Quem se lembra o que era a Avenida de Ceuta de um lado e doutro? O Casal Ventoso... Acho que a política foi muito eficaz. Mas depois, com o predomínio do crédito à habitação, houve um desarmar das políticas públicas nessa área, achando que o crédito bancário resolvia todo o problema do acesso à habitação. É verdade que o crédito imobiliário deu oportunidades muito grandes a muitas famílias que hoje têm acesso a casa em condições condignas e que não teriam de outra maneira. Como vê, não sou dos que só olham para a dimensão da dívida externa. Está lá, na nossa dívida externa, é verdade, mas também está cá no património, está cá nas condições de vida de classes sociais que nunca teriam tido acesso à habitação em condições como estas. Agora, teve impacto na política urbana. Hoje, com a situação do mercado do crédito e com a situação de Lisboa, isto não chega para resolver o problema do repovoamento. Porque tudo funcionará melhor se tivermos mais habitantes.

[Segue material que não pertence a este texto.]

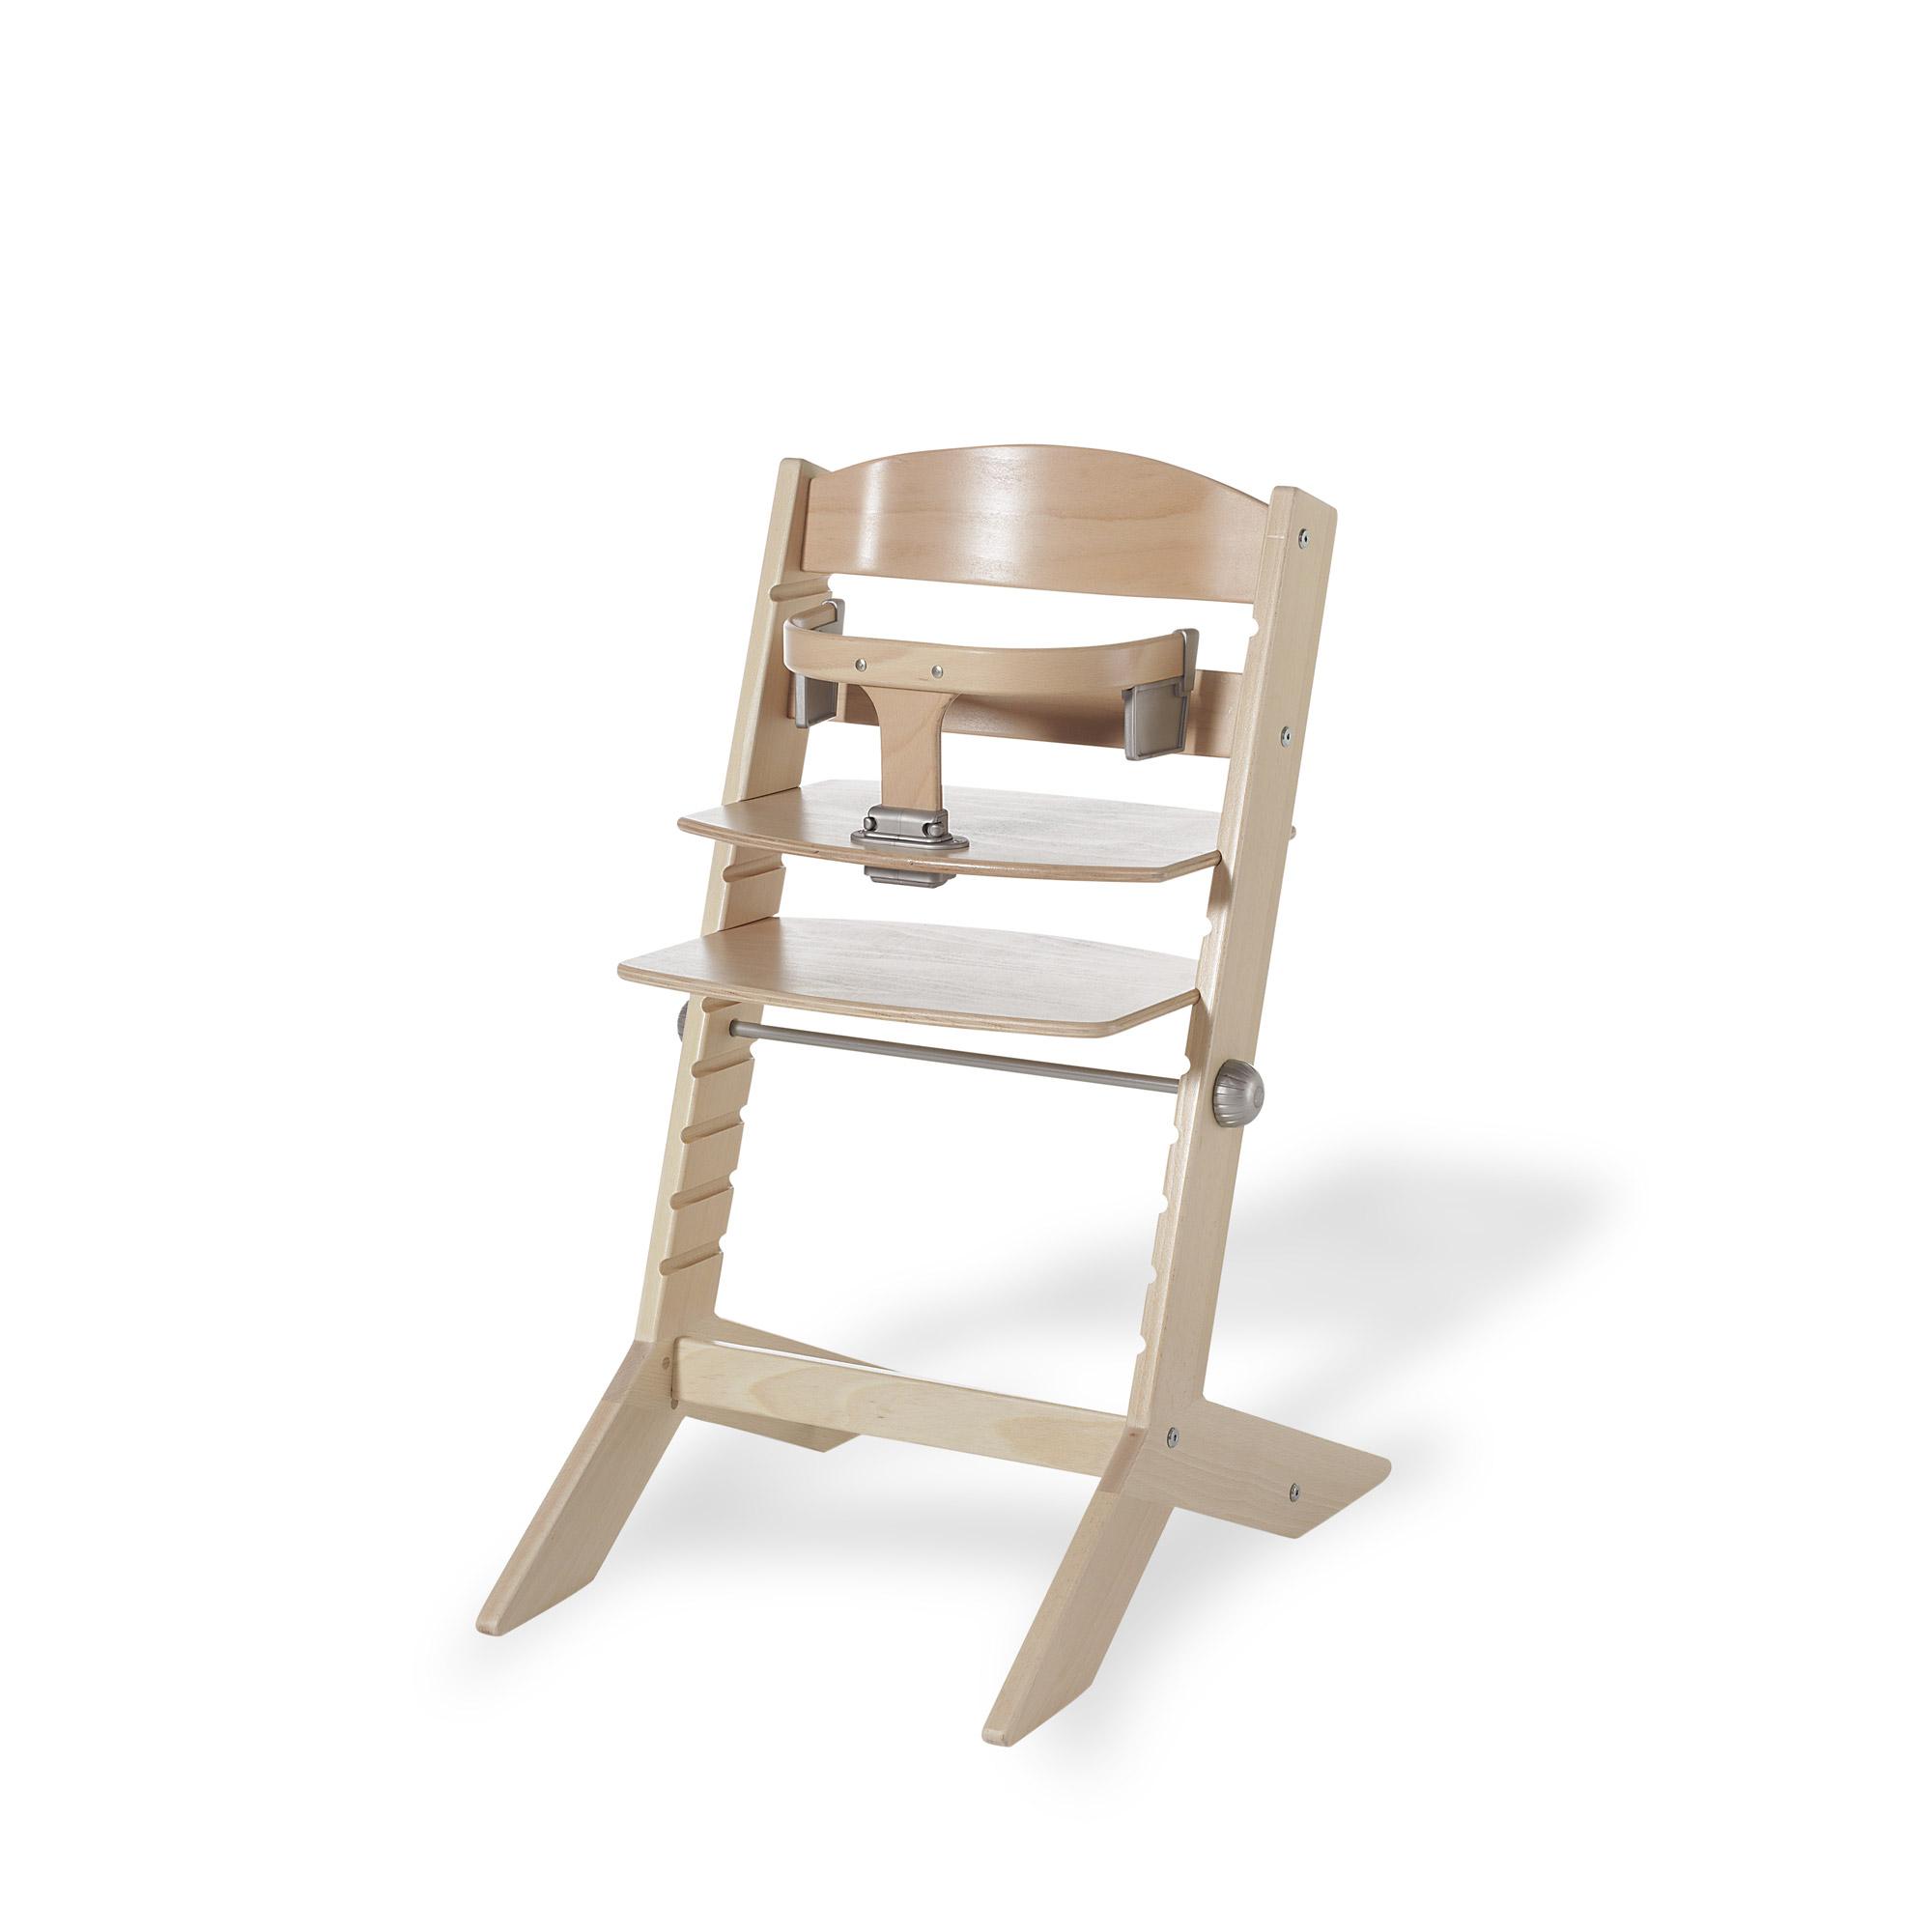 Chaise évolutive Syt avec arceau Naturel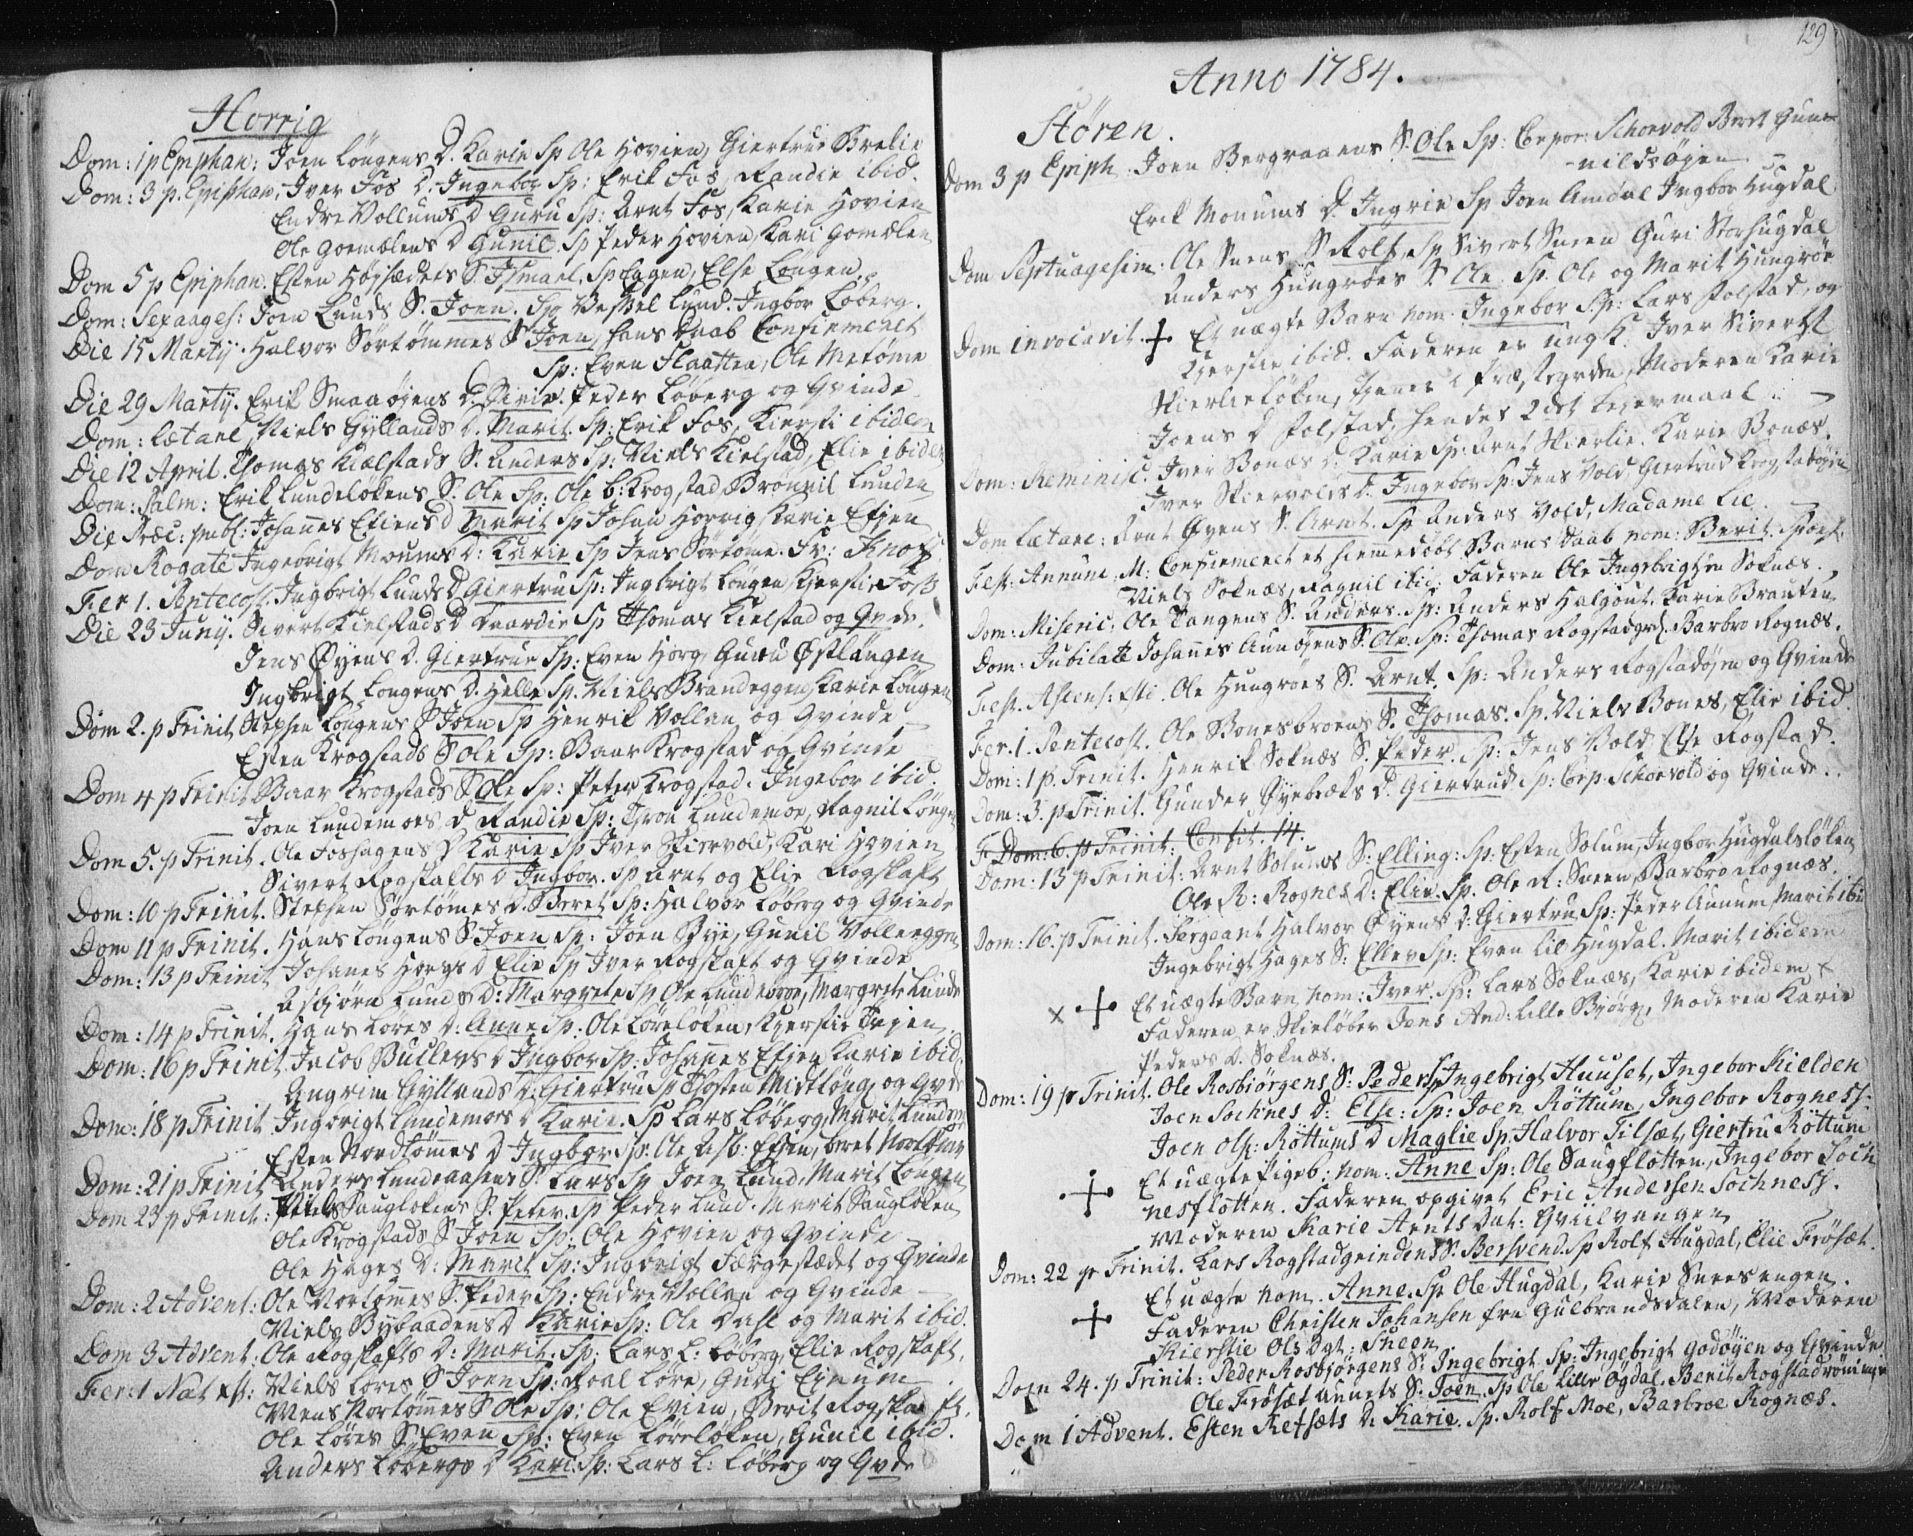 SAT, Ministerialprotokoller, klokkerbøker og fødselsregistre - Sør-Trøndelag, 687/L0991: Ministerialbok nr. 687A02, 1747-1790, s. 129

Cobra mais impostos, tem mais serviços, cria vida...


Alimenta o comércio, reduz as necessidades de transportes, reduz a entrada de carros, melhora os níveis de poluição, melhora as condições para o reinvestimento nas infraestruturas de escolas, de saúde, etc., etc.


Portanto, houve uma fase, nos anos 1990, em que foi preciso construir habitação social para acabar com os bairros de lata. Hoje é preciso trazer de volta a classe média, pessoas com rendimentos um pouco acima de mil euros líquidos, como diz o secretário de Estado dos Impostos. É isso?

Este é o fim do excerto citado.